In addition, old-school business oracles like Don Draper share a few characteristics themselves. They are:

  • Individualistic. Draper works largely alone. He has a small staff of writers and graphic artists, but they work largely to flesh out his ideas and carry out his orders.
  • Accepting of few inputs. Draper takes ideas from his staff, but not from anyone else. He brushes off input from account executive Pete Campbell (who is admittedly a tool and a back-stabber) and throws away a research report on smoking written by a Freudian psychologist (OK, that might not be such a bad idea…).
  • Charismatic. People at Sterling Cooper know that if they can just get current or prospective clients into a meeting with Draper, he likely will close the deal. He can project the ‘reality distortion field’ ascribed to real-world folk like Steve Jobs and Shai Agassi (wish I had it).
  • Intolerant of competition, second-guessing, and unofficial channels. Good ideas come from Don and Don alone. He tries to fire Campbell for pitching an idea to a client.
  • Credentialed. Draper is the head of creative for Sterling Cooper, so he must be good.  In the business world, common credentials include degrees (especially MBAs) from good schools, impressive job titles, time spent at leading companies, accumulated years of experience, and reputation among insiders. Credentials are externally visible signals of quality, of oracle-dom.
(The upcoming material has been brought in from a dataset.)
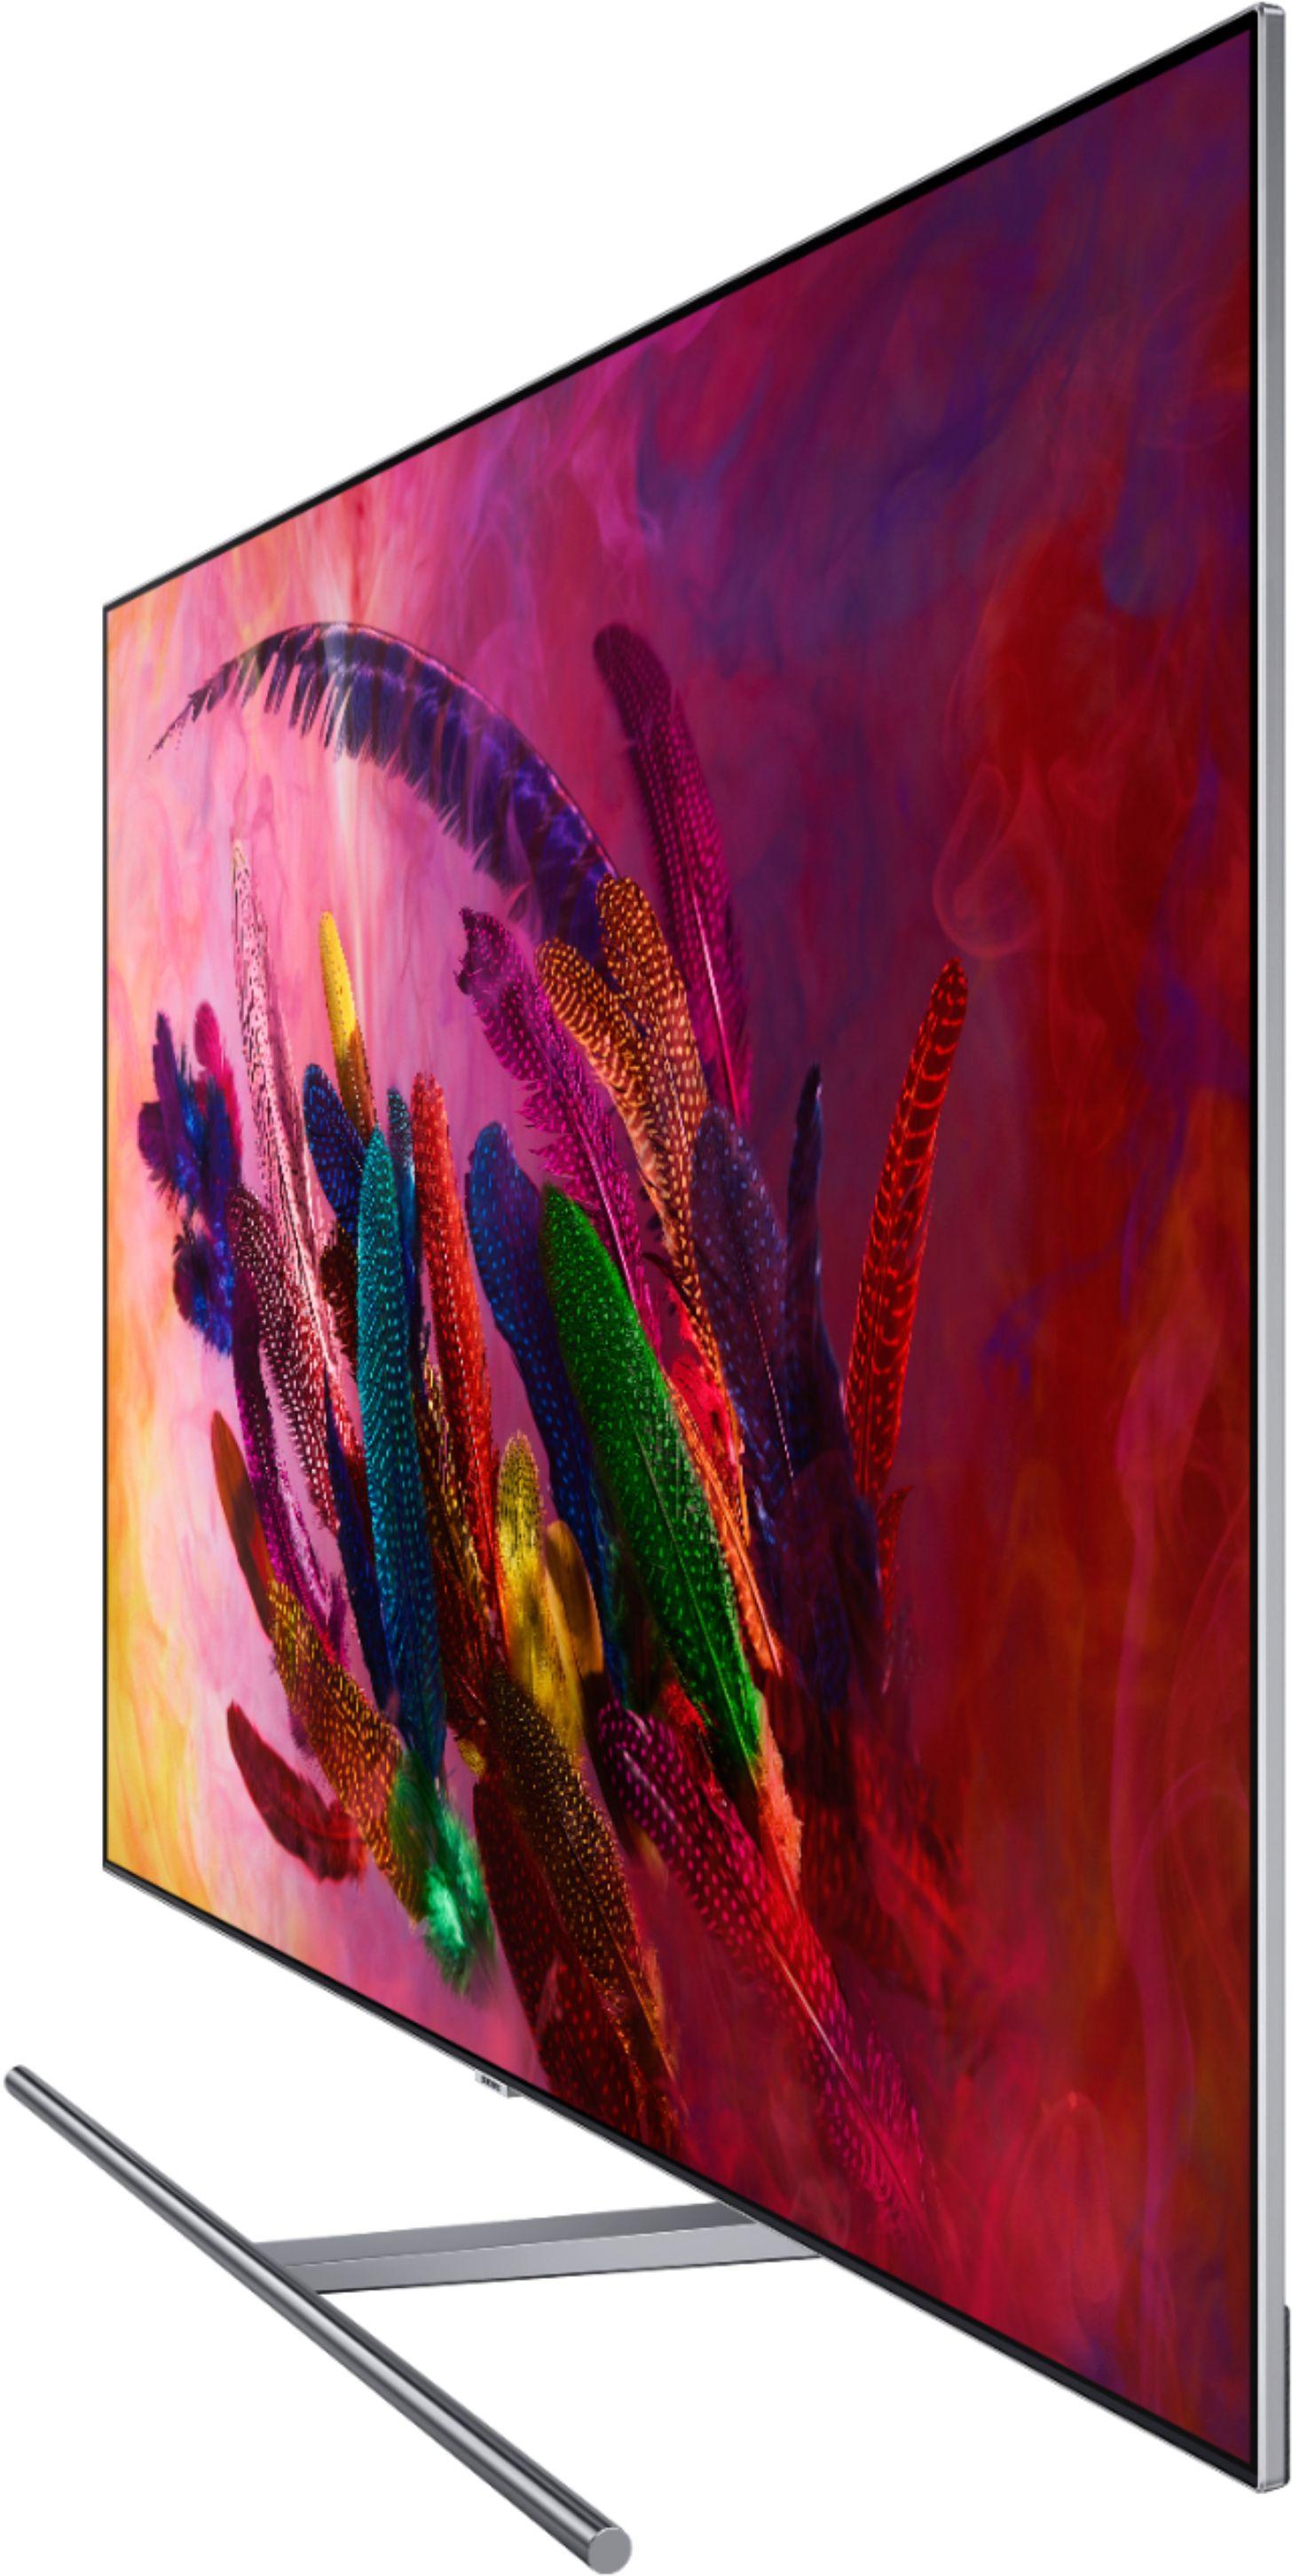 Image 11 for Samsung QN75Q7FNAFXZA

The above lists of characteristics are focused on a single fictional character in the advertising industry, but in my experience they’re fairly common across business oracles and their decisions in many real-world settings as well. When I reflect on how I’ve seen strategy, marketing, planning, and product design decisions made at large organizations, I see a lot of the stuff listed above.

To be sure, I also see business oracles gathering lots of data, commissioning studies, and sometimes even running experiments. But I often get the sense that the point of all this activity is to confirm the soundness of the oracle’s initial idea, rather than to test it (a state of affairs captured elegantly by this New Yorker cartoon). Several people at last week’s workshop on business experimentation observed that it takes months for many companies to set up even a simple experiment today, and opined that this is because of the great care taken to ensure the outcome. I found myself nodding my head in agreement as I read in last Sunday’s New York Times magazine the following passage written by Matthew Crawford, who dropped out of organizational life to open a motorcycle repair shop:

“[C]ertain perversities became apparent as I settled into the job. It sometimes required me to reason backward, from desired conclusion to suitable premise. The organization had taken certain positions, and there were some facts it was more fond of than others… Further, my boss seemed intent on retraining me according to [the] cognitive style… of the corporate world… This style demanded that I project an image of rationality but not indulge too much in actual reasoning.”

The main problem with relying on old-school oracles to make important business decisions, though, isn’t their backward reasoning or sometimes false rationality. It’s the fact that they might be wrong. When you follow the advice of a Don Draper you’re making a big bet on a black box –  you’re committing substantial resources (like the money and effort required for a national ad campaign) based on a decision process that you don’t understand very well and can’t understand better. You’re just trusting in the oracle’s wisdom, and if he turns out to be not that wise you’re in trouble.

Is there an alternative? Can businesses lessen their dependence on the world’s Don Drapers, even in nebulous, touchy-feely, hard-to-quantify areas like advertising and brand-building?

I think they can. To show how, I’ll stick with the topic of advertising and show how a few things I’ve seen recently indicate to me that there is an alternative to relying so heavily on business oracles. I am by no means an expert on advertising, digital or otherwise; I’m concentrating on this discipline because it’s been historically very rich in oracles like Draper, and because I’ve recently been exposed to some advertising and marketing technologies I find fascinating.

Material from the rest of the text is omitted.